2) Follow the steps in the Tech Republic article to attach a shutdown menu to the Windows 8 desktop --- Add a Shutdown menu to the Windows 8 desktop | TechRepublic

There is another article on the Computer Performance site in Great Britain that goes into great detail on the maze of power settings in Windows 8. Fair warning: it's rather hard to read that article with all the advertisements in the way, but the information itself is good stuff. --- Windows 8 Sleep Mode Hibernate Problem

Best of luck,
. . . Gary


----------



## ppisciot (Jun 28, 2005)

Thanks, Gary. I like the feature of adding a shutdown menu to the desktop. However, it poses the same problem that I can't have both a Hibernate and Sleep command on them. I will look at the other article when I get some extra time. I appreciate your help.
Pete


----------



## OldGrayGary (Jun 29, 2006)

I like the menu idea too. I was able to get both Sleep and Hibernate available from the ALT + F4 key combo menu, once I went into the Advanced options in the Control Panel's "Power Options" applet & specifically enabled Hibernation from there. 

But it looks like the techs at TechRepublic couldn't get both of those options onto their menu either. 

If I have some time later in the week, I might have another go at trying again.
(Though I do rather like the ease of the ALT + F4 combo .... it's just not as quick or elegant as a single icon to click ... after all, bringing up the Charms bar, clicking Power, then Sleep [or Hibernation, or whatever] isn't really much slower).

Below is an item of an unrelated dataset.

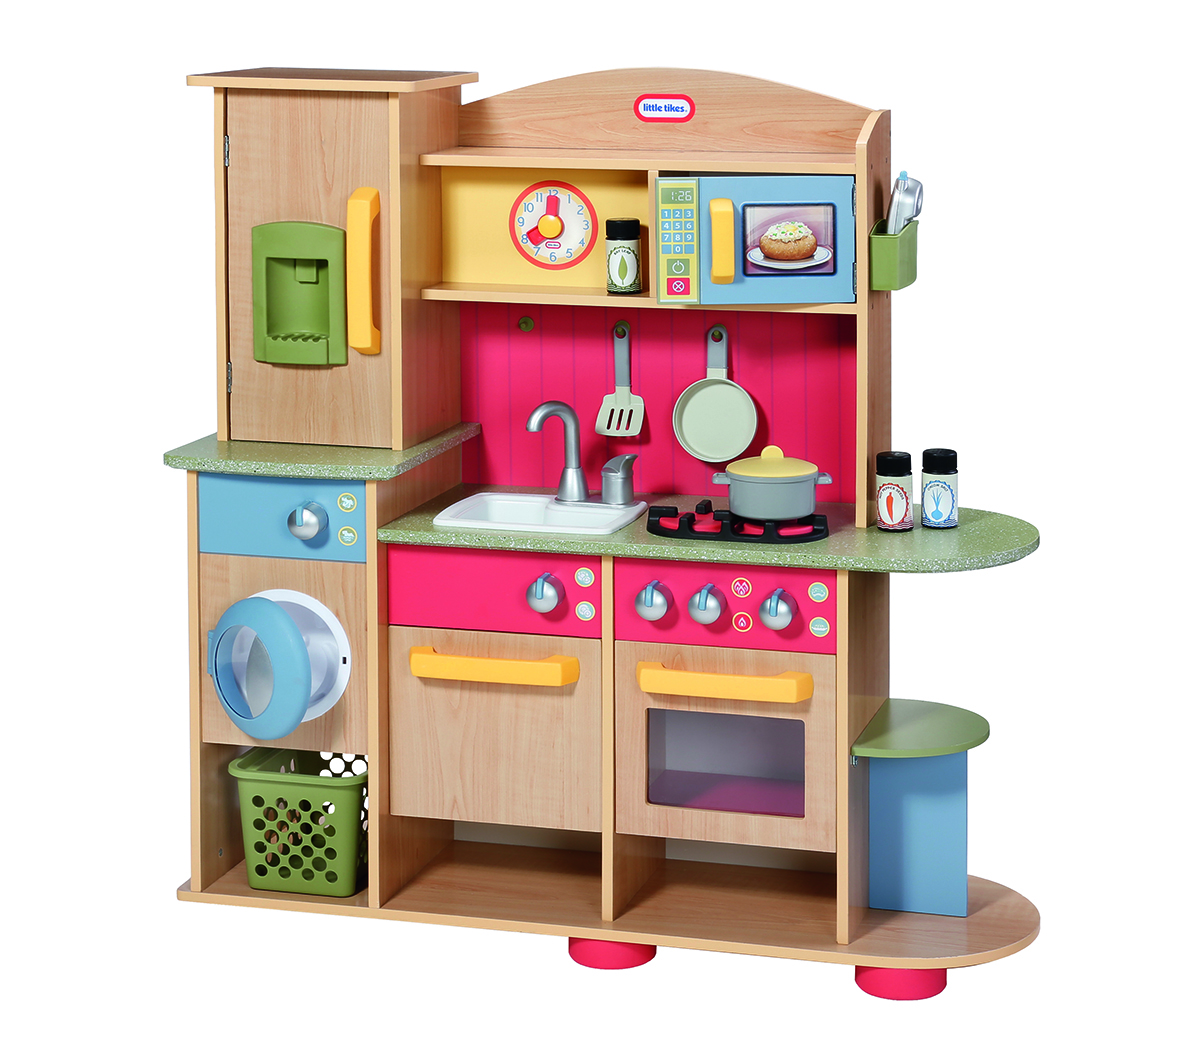 Marvelous Cookin Creations Premium Wood Kitchen Download Free Architecture Designs Viewormadebymaigaardcom
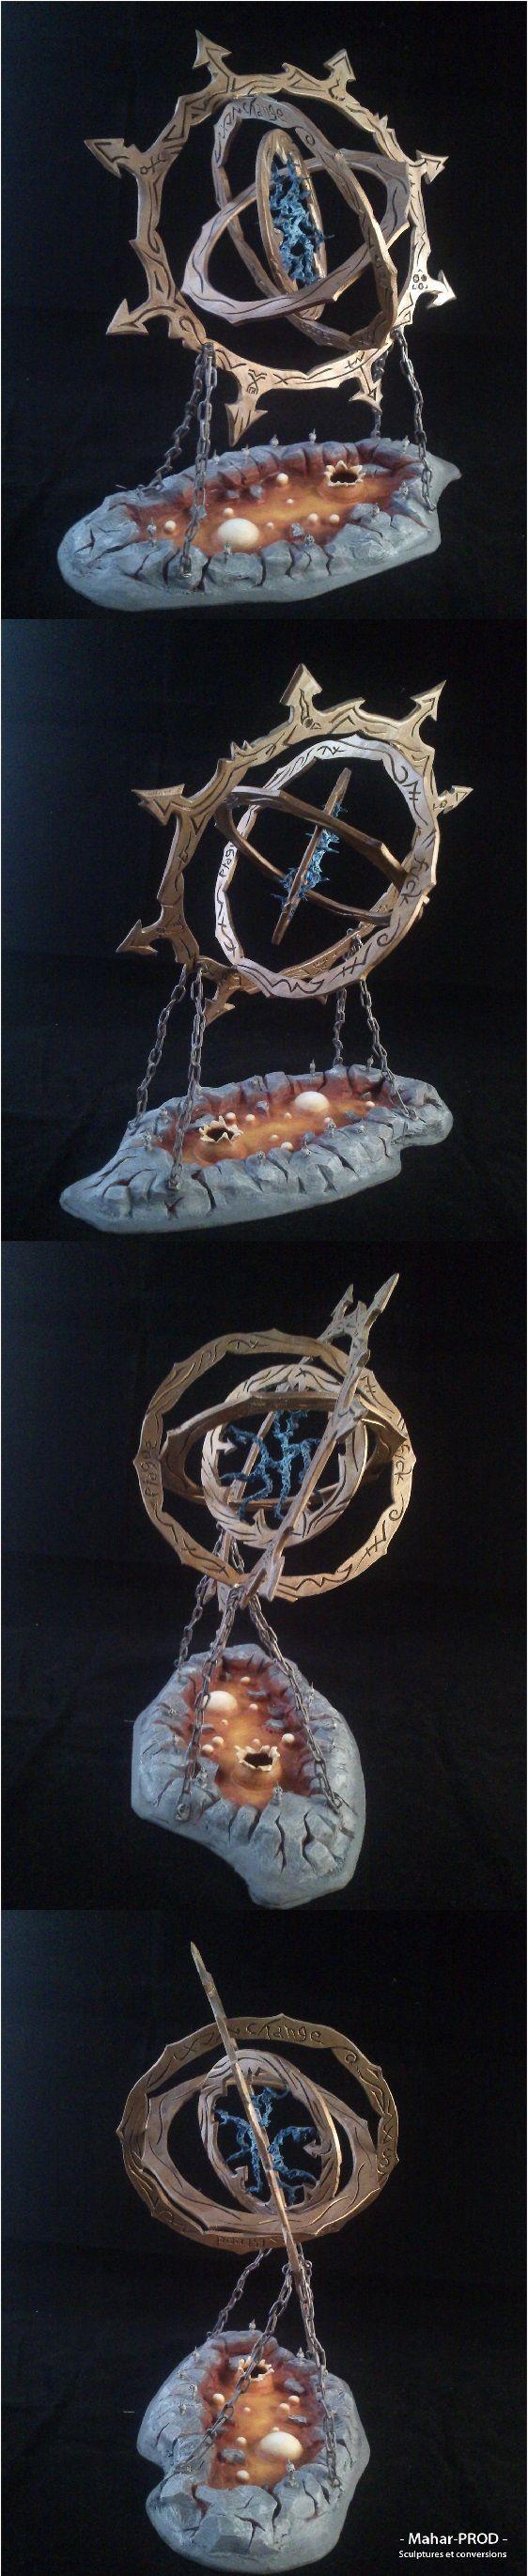 Gyroscopic Chaos Portal by Mahar

It is really aggravating, though, that Microsoft wasn't clever enough to know that this was going to be an issue for the majority of their customers (Most Windows users do not access Windows from a touchscreen device). Inelegant! Inefficient! And dangit - so far we can't fix it with a few simple commands. [the third party interfaces that restore the Windows 7 way of doing things do work (Start8 seems to be quite popular) ... but I prefer to work from within Microsoft's own framework ... less trouble with future Windows Updates, and more security - in general.

Never a dull moment.
. . . Gary


----------



## ppisciot (Jun 28, 2005)

It is just very strange that the Charms sleep command works and if I connect a keyboard that has a Sleep button on it, it also works. I wish there was a way to find out what command those are sending to the OS. Oh well, I guess another one of those things I'll have to learn to live with. Just annoying. 
Pete


----------